DATA:
------------------------------------------------

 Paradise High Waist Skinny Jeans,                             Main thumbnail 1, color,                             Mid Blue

------------------------------------------------

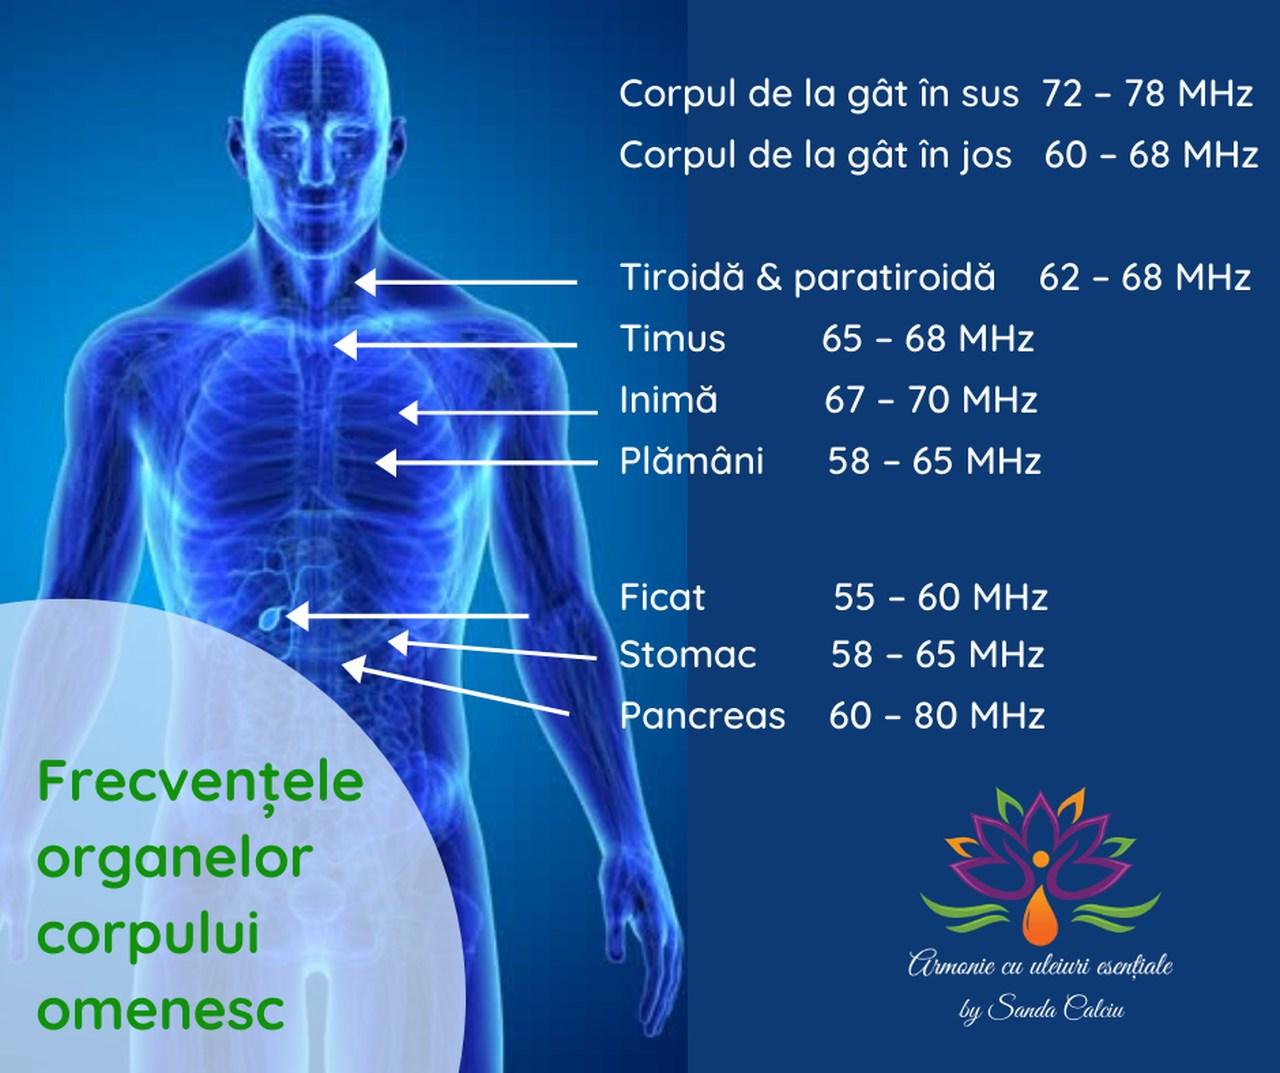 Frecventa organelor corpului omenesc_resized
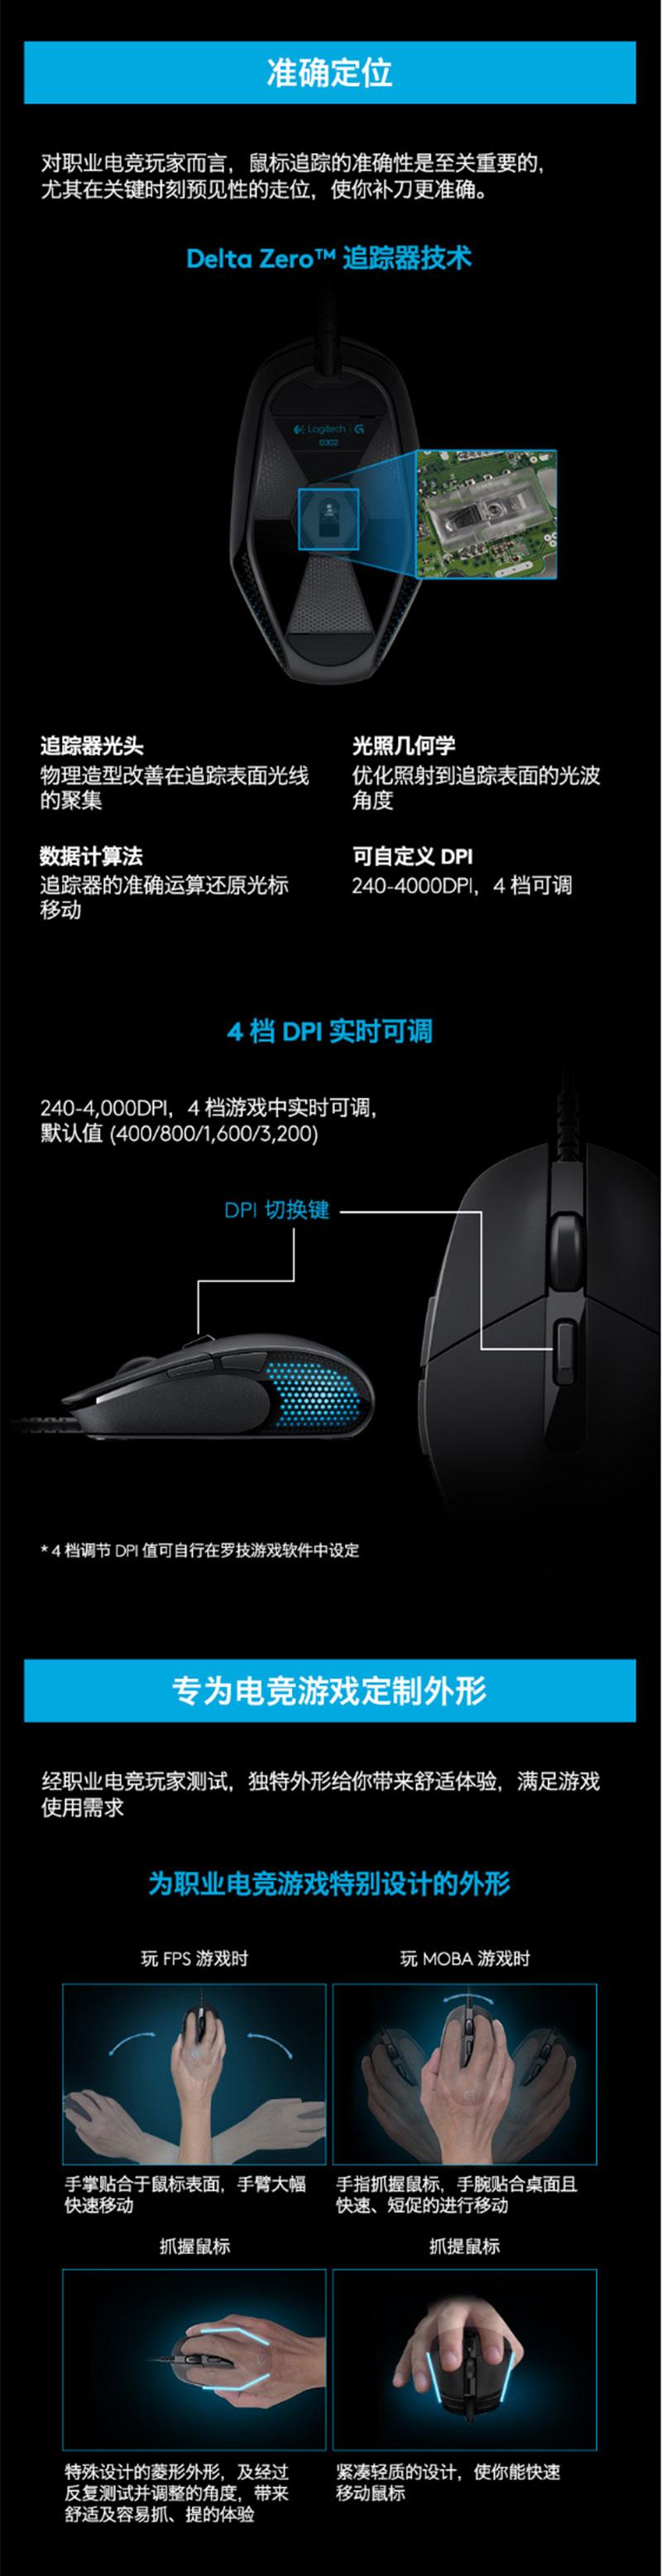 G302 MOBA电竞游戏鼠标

------------------------------------------------

WHAT NEEDS TO BE DONE:
Here the job is to copy the stretch of records from the line containing "Frecventa organelor corpului omenesc_resized" through the line containing "G302 MOBA电竞游戏鼠标", word for word. Leave every picture out.

RESULT OF THE TASK:
 Frecventa organelor corpului omenesc_resized
 G302 MOBA电竞游戏鼠标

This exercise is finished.